**About this exercise**.
The response should consist of the records that follow, repeated exactly.

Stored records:
- - -

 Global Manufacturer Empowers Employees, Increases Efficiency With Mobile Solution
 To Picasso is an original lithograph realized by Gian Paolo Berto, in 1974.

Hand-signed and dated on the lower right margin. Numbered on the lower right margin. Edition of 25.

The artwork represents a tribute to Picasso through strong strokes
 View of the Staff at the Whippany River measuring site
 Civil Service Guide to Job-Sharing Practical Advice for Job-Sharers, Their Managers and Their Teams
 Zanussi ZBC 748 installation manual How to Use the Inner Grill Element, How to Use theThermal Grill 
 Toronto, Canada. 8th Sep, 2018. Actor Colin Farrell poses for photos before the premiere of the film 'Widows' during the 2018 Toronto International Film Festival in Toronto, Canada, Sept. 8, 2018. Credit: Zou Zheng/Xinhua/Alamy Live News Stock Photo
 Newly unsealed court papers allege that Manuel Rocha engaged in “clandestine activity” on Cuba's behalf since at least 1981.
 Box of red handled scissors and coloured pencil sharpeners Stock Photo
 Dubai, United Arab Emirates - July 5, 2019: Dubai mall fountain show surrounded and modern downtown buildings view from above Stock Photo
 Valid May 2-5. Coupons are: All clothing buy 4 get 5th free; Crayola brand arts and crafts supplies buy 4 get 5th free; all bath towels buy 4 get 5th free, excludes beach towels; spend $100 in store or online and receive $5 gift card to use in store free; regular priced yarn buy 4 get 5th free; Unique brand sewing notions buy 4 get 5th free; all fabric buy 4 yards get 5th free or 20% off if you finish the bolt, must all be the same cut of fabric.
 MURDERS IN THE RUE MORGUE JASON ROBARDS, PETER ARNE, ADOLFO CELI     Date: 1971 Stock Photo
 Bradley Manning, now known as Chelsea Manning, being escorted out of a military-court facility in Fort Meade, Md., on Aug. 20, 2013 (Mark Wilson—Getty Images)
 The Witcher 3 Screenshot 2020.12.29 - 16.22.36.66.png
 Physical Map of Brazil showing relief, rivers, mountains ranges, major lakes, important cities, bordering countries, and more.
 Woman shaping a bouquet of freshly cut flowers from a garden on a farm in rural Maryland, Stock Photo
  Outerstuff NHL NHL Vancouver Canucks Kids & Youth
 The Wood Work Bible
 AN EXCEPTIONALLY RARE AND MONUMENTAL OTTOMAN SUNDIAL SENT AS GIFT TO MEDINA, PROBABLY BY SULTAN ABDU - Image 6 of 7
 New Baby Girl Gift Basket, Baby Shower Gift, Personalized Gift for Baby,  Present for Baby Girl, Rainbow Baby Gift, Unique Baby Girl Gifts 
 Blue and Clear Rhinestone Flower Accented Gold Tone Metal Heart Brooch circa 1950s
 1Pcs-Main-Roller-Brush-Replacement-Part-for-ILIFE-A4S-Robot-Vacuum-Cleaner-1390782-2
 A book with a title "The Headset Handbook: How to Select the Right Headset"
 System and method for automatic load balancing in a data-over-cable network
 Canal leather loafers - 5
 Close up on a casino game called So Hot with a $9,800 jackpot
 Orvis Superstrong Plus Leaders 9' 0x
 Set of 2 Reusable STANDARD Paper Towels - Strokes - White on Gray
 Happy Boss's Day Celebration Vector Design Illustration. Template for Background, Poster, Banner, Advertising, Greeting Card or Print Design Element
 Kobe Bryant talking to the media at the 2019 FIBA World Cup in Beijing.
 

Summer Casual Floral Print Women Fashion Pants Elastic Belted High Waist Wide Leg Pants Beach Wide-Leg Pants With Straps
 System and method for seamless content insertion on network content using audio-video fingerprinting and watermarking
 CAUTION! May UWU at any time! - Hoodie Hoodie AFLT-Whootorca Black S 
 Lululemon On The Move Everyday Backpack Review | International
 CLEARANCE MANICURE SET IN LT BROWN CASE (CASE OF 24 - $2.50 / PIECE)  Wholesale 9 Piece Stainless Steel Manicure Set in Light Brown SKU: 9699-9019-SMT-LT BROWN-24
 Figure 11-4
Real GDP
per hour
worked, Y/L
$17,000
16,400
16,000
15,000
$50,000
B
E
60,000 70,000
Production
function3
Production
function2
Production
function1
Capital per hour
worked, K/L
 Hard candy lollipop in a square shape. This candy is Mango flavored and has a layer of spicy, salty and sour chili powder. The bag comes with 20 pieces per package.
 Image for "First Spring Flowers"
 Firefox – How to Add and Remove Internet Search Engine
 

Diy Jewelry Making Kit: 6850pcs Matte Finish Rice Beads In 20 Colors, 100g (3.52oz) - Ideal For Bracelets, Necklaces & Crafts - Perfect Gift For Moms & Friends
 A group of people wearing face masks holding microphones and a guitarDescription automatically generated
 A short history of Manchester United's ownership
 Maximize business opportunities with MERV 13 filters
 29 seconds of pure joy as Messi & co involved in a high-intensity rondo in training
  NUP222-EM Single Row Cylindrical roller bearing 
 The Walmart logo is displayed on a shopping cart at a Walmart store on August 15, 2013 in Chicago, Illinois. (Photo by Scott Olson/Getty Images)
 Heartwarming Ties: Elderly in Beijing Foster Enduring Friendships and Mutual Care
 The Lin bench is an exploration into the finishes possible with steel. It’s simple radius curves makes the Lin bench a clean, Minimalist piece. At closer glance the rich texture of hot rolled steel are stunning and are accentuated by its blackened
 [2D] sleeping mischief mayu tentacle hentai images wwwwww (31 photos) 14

- - -

**Task result**.
 Global Manufacturer Empowers Employees, Increases Efficiency With Mobile Solution
 To Picasso is an original lithograph realized by Gian Paolo Berto, in 1974.

Hand-signed and dated on the lower right margin. Numbered on the lower right margin. Edition of 25.

The artwork represents a tribute to Picasso through strong strokes
 View of the Staff at the Whippany River measuring site
 Civil Service Guide to Job-Sharing Practical Advice for Job-Sharers, Their Managers and Their Teams
 Zanussi ZBC 748 installation manual How to Use the Inner Grill Element, How to Use theThermal Grill 
 Toronto, Canada. 8th Sep, 2018. Actor Colin Farrell poses for photos before the premiere of the film 'Widows' during the 2018 Toronto International Film Festival in Toronto, Canada, Sept. 8, 2018. Credit: Zou Zheng/Xinhua/Alamy Live News Stock Photo
 Newly unsealed court papers allege that Manuel Rocha engaged in “clandestine activity” on Cuba's behalf since at least 1981.
 Box of red handled scissors and coloured pencil sharpeners Stock Photo
 Dubai, United Arab Emirates - July 5, 2019: Dubai mall fountain show surrounded and modern downtown buildings view from above Stock Photo
 Valid May 2-5. Coupons are: All clothing buy 4 get 5th free; Crayola brand arts and crafts supplies buy 4 get 5th free; all bath towels buy 4 get 5th free, excludes beach towels; spend $100 in store or online and receive $5 gift card to use in store free; regular priced yarn buy 4 get 5th free; Unique brand sewing notions buy 4 get 5th free; all fabric buy 4 yards get 5th free or 20% off if you finish the bolt, must all be the same cut of fabric.
 MURDERS IN THE RUE MORGUE JASON ROBARDS, PETER ARNE, ADOLFO CELI     Date: 1971 Stock Photo
 Bradley Manning, now known as Chelsea Manning, being escorted out of a military-court facility in Fort Meade, Md., on Aug. 20, 2013 (Mark Wilson—Getty Images)
 The Witcher 3 Screenshot 2020.12.29 - 16.22.36.66.png
 Physical Map of Brazil showing relief, rivers, mountains ranges, major lakes, important cities, bordering countries, and more.
 Woman shaping a bouquet of freshly cut flowers from a garden on a farm in rural Maryland, Stock Photo
  Outerstuff NHL NHL Vancouver Canucks Kids & Youth
 The Wood Work Bible
 AN EXCEPTIONALLY RARE AND MONUMENTAL OTTOMAN SUNDIAL SENT AS GIFT TO MEDINA, PROBABLY BY SULTAN ABDU - Image 6 of 7
 New Baby Girl Gift Basket, Baby Shower Gift, Personalized Gift for Baby,  Present for Baby Girl, Rainbow Baby Gift, Unique Baby Girl Gifts 
 Blue and Clear Rhinestone Flower Accented Gold Tone Metal Heart Brooch circa 1950s
 1Pcs-Main-Roller-Brush-Replacement-Part-for-ILIFE-A4S-Robot-Vacuum-Cleaner-1390782-2
 A book with a title "The Headset Handbook: How to Select the Right Headset"
 System and method for automatic load balancing in a data-over-cable network
 Canal leather loafers - 5
 Close up on a casino game called So Hot with a $9,800 jackpot
 Orvis Superstrong Plus Leaders 9' 0x
 Set of 2 Reusable STANDARD Paper Towels - Strokes - White on Gray
 Happy Boss's Day Celebration Vector Design Illustration. Template for Background, Poster, Banner, Advertising, Greeting Card or Print Design Element
 Kobe Bryant talking to the media at the 2019 FIBA World Cup in Beijing.
 

Summer Casual Floral Print Women Fashion Pants Elastic Belted High Waist Wide Leg Pants Beach Wide-Leg Pants With Straps
 System and method for seamless content insertion on network content using audio-video fingerprinting and watermarking
 CAUTION! May UWU at any time! - Hoodie Hoodie AFLT-Whootorca Black S 
 Lululemon On The Move Everyday Backpack Review | International
 CLEARANCE MANICURE SET IN LT BROWN CASE (CASE OF 24 - $2.50 / PIECE)  Wholesale 9 Piece Stainless Steel Manicure Set in Light Brown SKU: 9699-9019-SMT-LT BROWN-24
 Figure 11-4
Real GDP
per hour
worked, Y/L
$17,000
16,400
16,000
15,000
$50,000
B
E
60,000 70,000
Production
function3
Production
function2
Production
function1
Capital per hour
worked, K/L
 Hard candy lollipop in a square shape. This candy is Mango flavored and has a layer of spicy, salty and sour chili powder. The bag comes with 20 pieces per package.
 Image for "First Spring Flowers"
 Firefox – How to Add and Remove Internet Search Engine
 

Diy Jewelry Making Kit: 6850pcs Matte Finish Rice Beads In 20 Colors, 100g (3.52oz) - Ideal For Bracelets, Necklaces & Crafts - Perfect Gift For Moms & Friends
 A group of people wearing face masks holding microphones and a guitarDescription automatically generated
 A short history of Manchester United's ownership
 Maximize business opportunities with MERV 13 filters
 29 seconds of pure joy as Messi & co involved in a high-intensity rondo in training
  NUP222-EM Single Row Cylindrical roller bearing 
 The Walmart logo is displayed on a shopping cart at a Walmart store on August 15, 2013 in Chicago, Illinois. (Photo by Scott Olson/Getty Images)
 Heartwarming Ties: Elderly in Beijing Foster Enduring Friendships and Mutual Care
 The Lin bench is an exploration into the finishes possible with steel. It’s simple radius curves makes the Lin bench a clean, Minimalist piece. At closer glance the rich texture of hot rolled steel are stunning and are accentuated by its blackened
 [2D] sleeping mischief mayu tentacle hentai images wwwwww (31 photos) 14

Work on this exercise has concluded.